No be per me i videogiochi su PC sono morti nel 2006..da allora gioco solo su console


----------



## Milanforever26 (13 Novembre 2017)

Butcher ha scritto:


> Dovrebbe a breve arrivare un'offerta sui 200 euro + 2° pad.
> Ti consiglio di dare uno sguardo migliore sulle esclusive PS4 tra quelle già uscite e quelle 2018 perché c'è veramente della roba clamorosa. E tanta tanta tanta.
> Consiglio spassionato



Ps4 a 200€ con secondo pad?...ok allora aspetto e prendo quella mi sa..anche se sta cosa dell'online sarà una piaga temo


----------



## alcyppa (13 Novembre 2017)

Milanforever26 ha scritto:


> Grazie per l'ottima spiegazione, non sapevo la cosa dei giochi inclusi da scaricare, in realtà l'offerta è del Trony non di amazon, e il gioco FIFA 18 sono certo sia copia fisica..l'altro a sto punto credo sia come dici tu da scaricare quindi tanto vale..non mi va ogni volta di andare dai miei con la console per scaricare giochi o aggiornamenti..
> 
> Certo che se ormai la strada è questa del dover essere sempre connessi mi sa che mi fermerò alla play 3..io detesto qualsiasi modalità on line e detesto anche l'idea di dover scaricare contenuti, per una questione di principio: *se pago 70€ un videogioco io ESIGO che questo sia giocabile e funzionante perché è inammissibile che uno sviluppatore già preveda che il gioco uscirà con dei difetti..per me è tutto un sistema fatto apposta..*



Capisco, ma tieni conto che non è che i difetti non ci fossero anche 10 anni fa, anzi.
Solo che adesso con la mostruosa diffusione di internet e dei videogiochi stessi è molto più facile che tali errori vengano riscontrati da qualcuno e commentati online.

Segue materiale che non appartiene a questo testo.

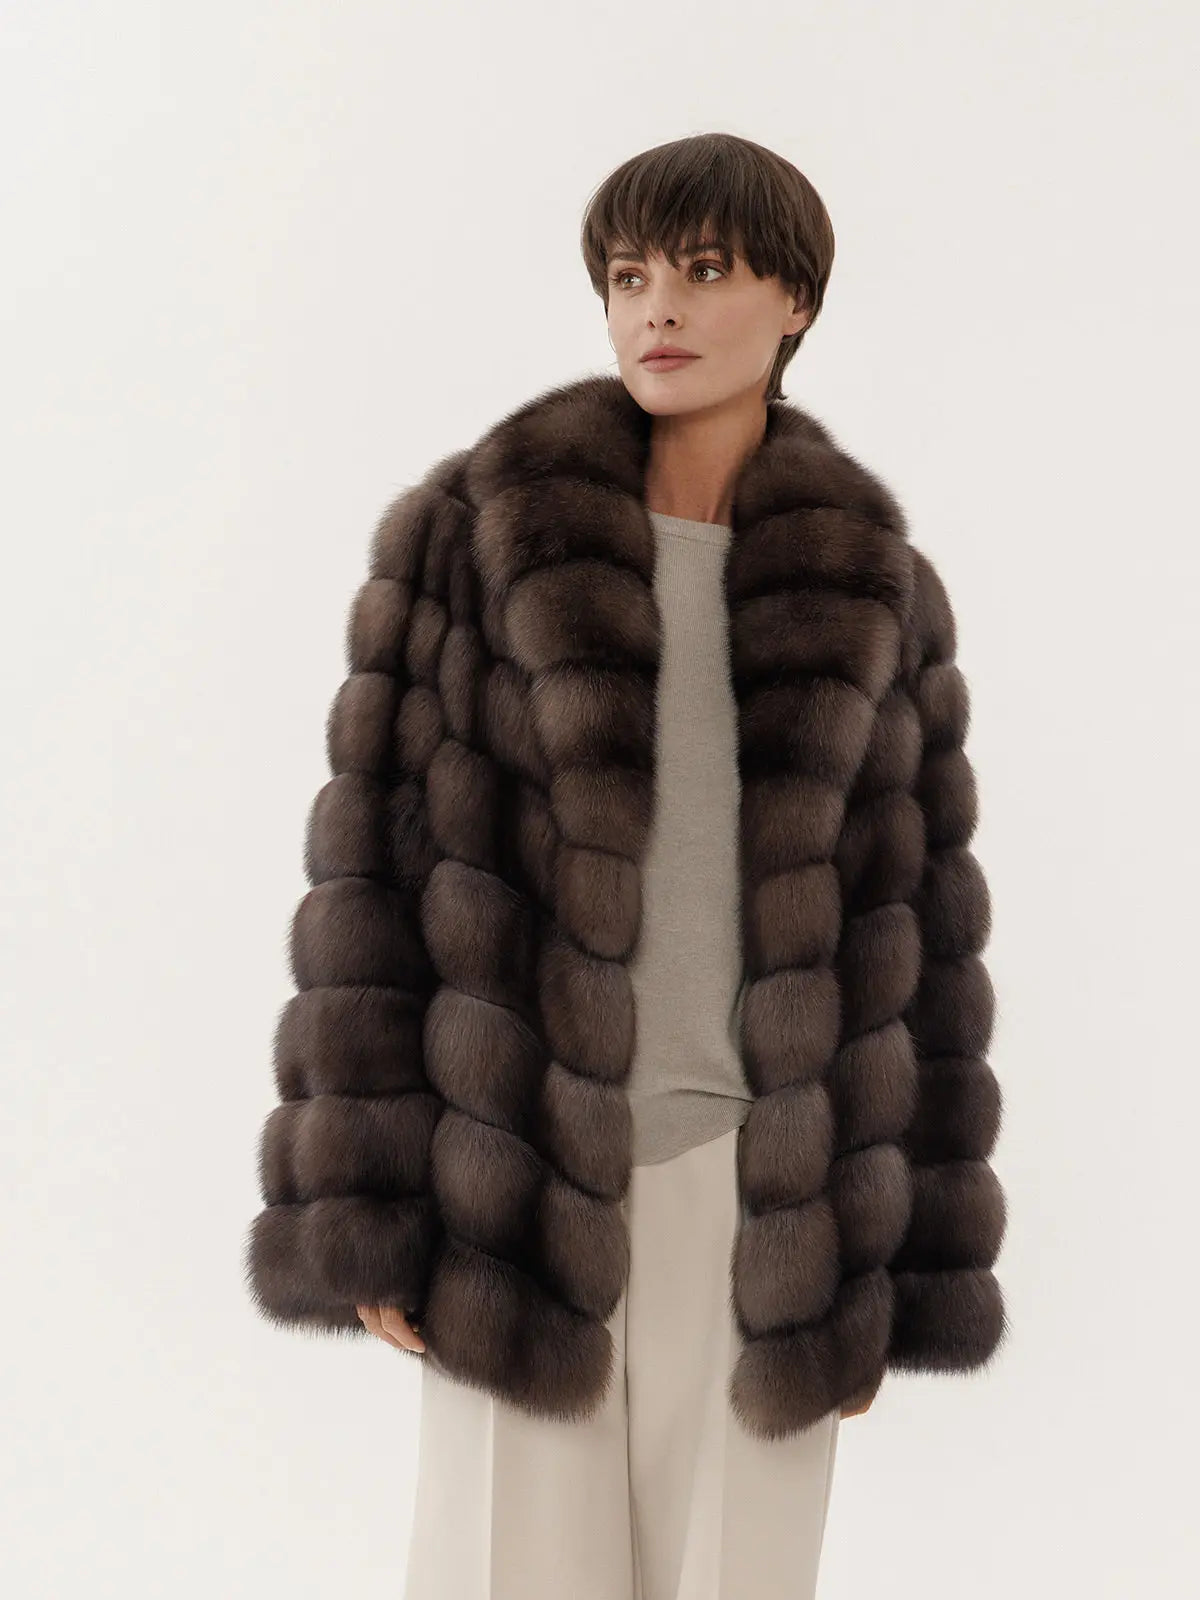 Sable coat with shawl collar

Per esempio ti posso citare un gioco per la prima Playstation che giocavo da piccolo e la cui versione in italiano era impossibile da completare per colpa di un bug: Digimon World.
Ma questo l'ho scoperto solo più tardi e da giovincello pensavo semplicemente di non riuscire a capire cosa dover fare.


Sul fatto che la possibilità di poter rilasciare patch stia rendendo gli sviluppatori un po' "pigri" sotto l'aspetto dell'ottimizzazione non posso darti torno però.


Comunque più che le patch correttive stanno prendendo sempre più diffusione problemi ben più gravi come parti del gioco rimosse o non sviluppate apposta per poterle rivenderle più tardi come espansioni o le ancor più orrende microtransazioni.
Non sarebbero entrambi dei grossi problemi se venissero pensati ed implementati con etica, ma quest'ultima sembra diventare sempre più rara.




Facendo un discorso più generale però, temo che dovrai prima o poi arrenderti al fatto che una connessione ad Internet in casa sarà sempre più necessaria.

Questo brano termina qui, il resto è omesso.